*TASK TO CARRY OUT*.
Write back every line of the listing exactly, excluding images.

*PROVIDED MATERIAL*.
++++++++

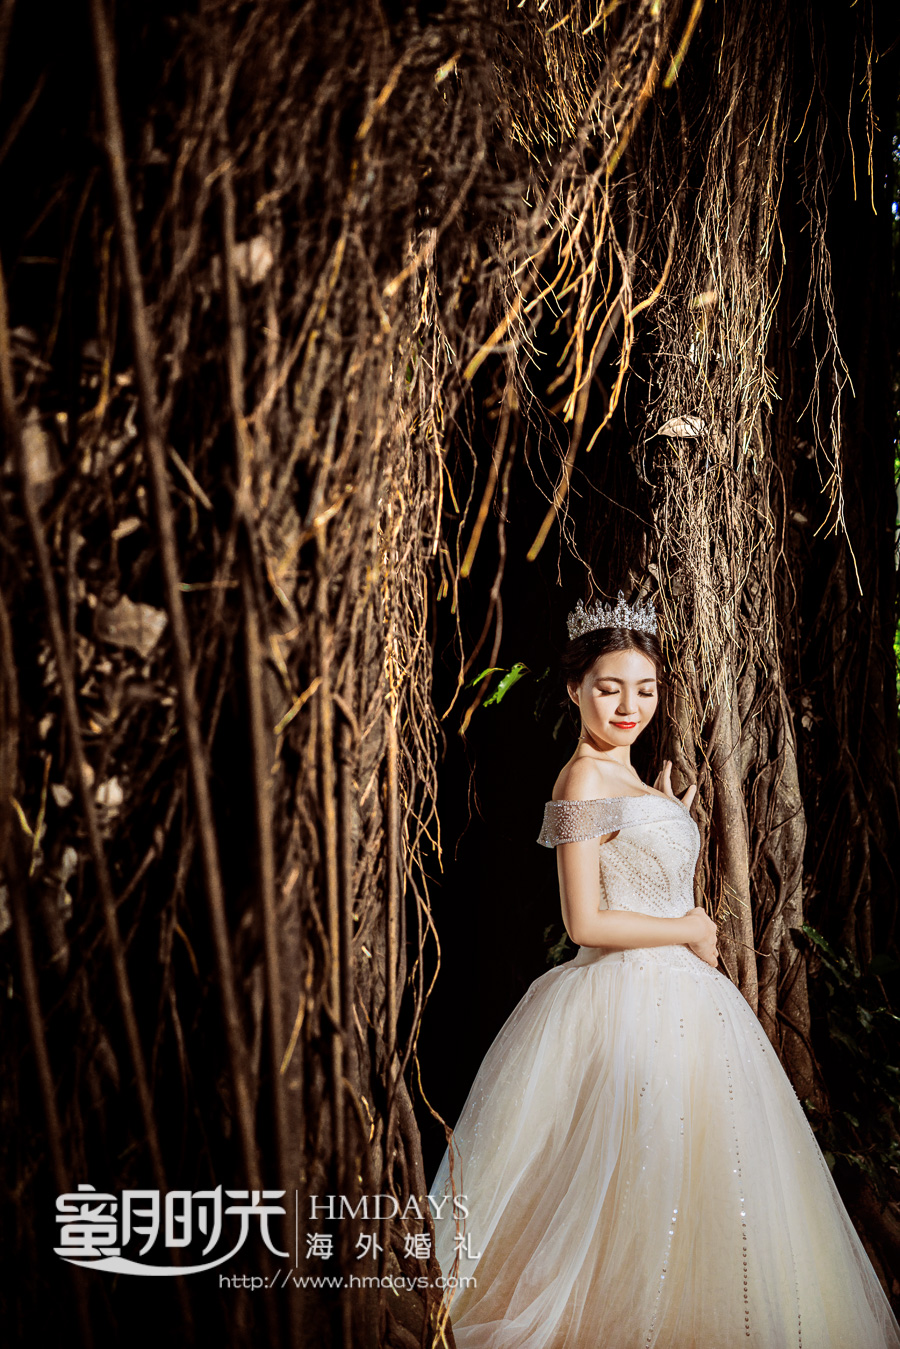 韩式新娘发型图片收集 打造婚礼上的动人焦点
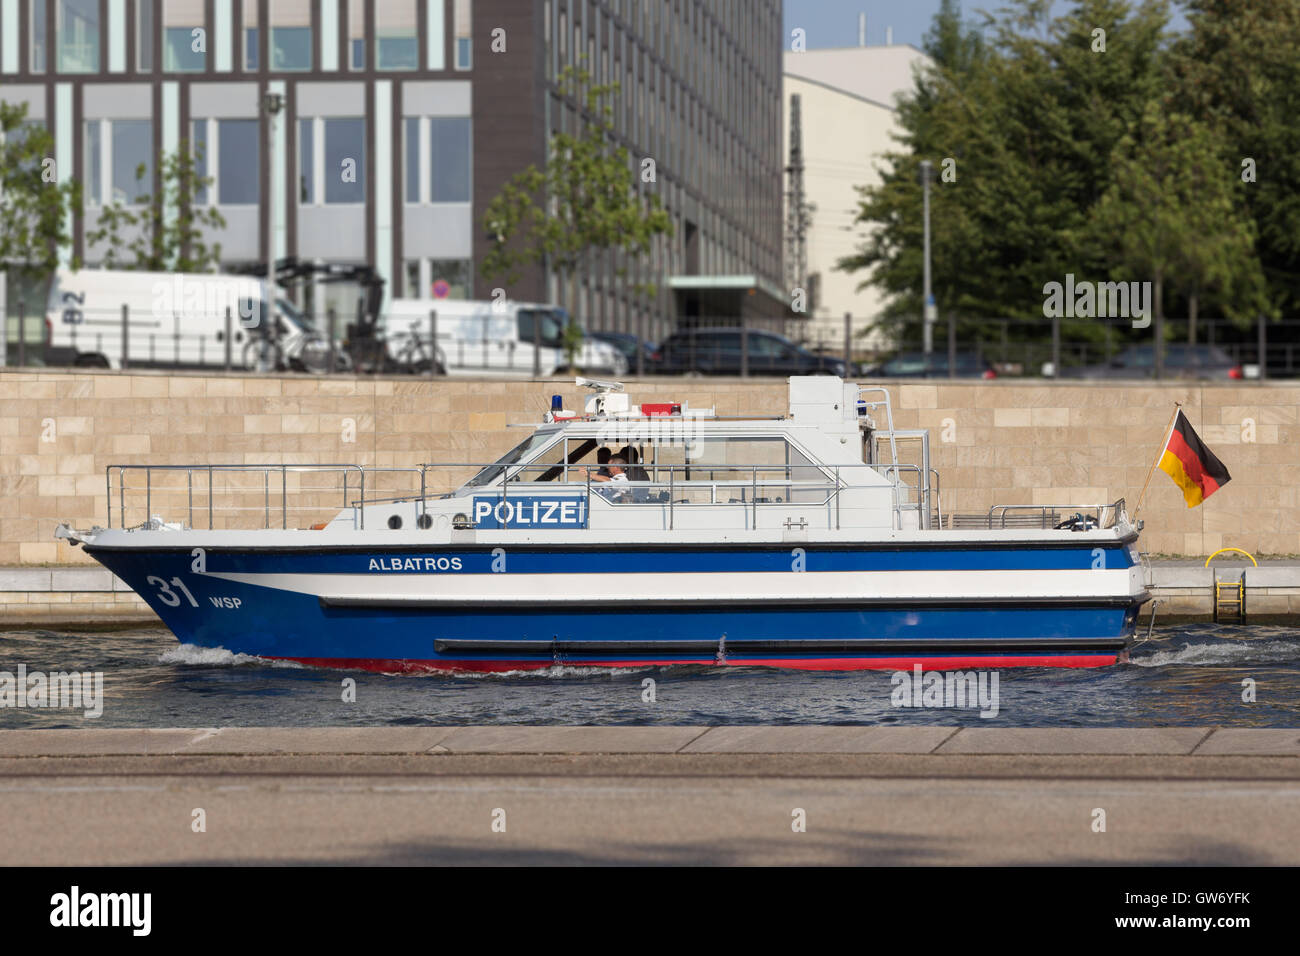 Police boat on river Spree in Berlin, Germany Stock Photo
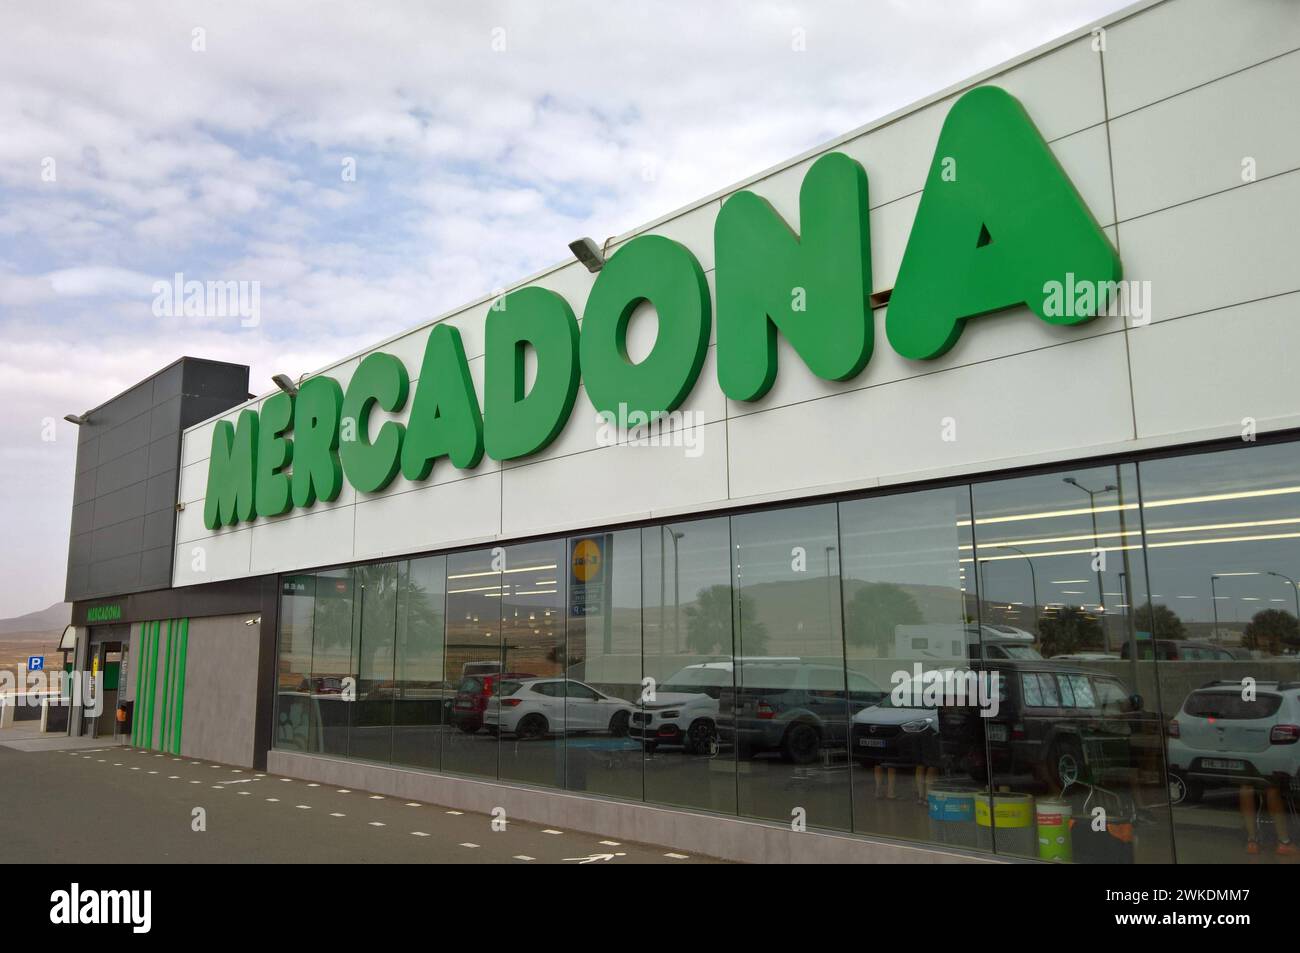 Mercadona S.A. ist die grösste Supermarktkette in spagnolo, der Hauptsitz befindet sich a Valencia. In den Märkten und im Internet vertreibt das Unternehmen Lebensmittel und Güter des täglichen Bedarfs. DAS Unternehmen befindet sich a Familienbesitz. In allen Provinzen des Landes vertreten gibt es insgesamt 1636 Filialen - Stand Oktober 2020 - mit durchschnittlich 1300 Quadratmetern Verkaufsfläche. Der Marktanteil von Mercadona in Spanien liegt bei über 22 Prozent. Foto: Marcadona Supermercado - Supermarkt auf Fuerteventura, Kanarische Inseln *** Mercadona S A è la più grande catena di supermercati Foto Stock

++++++++

*SOLUTION BELOW*.
 韩式新娘发型图片收集 打造婚礼上的动人焦点
 Police boat on river Spree in Berlin, Germany Stock Photo
 Mercadona S.A. ist die grösste Supermarktkette in spagnolo, der Hauptsitz befindet sich a Valencia. In den Märkten und im Internet vertreibt das Unternehmen Lebensmittel und Güter des täglichen Bedarfs. DAS Unternehmen befindet sich a Familienbesitz. In allen Provinzen des Landes vertreten gibt es insgesamt 1636 Filialen - Stand Oktober 2020 - mit durchschnittlich 1300 Quadratmetern Verkaufsfläche. Der Marktanteil von Mercadona in Spanien liegt bei über 22 Prozent. Foto: Marcadona Supermercado - Supermarkt auf Fuerteventura, Kanarische Inseln *** Mercadona S A è la più grande catena di supermercati Foto Stock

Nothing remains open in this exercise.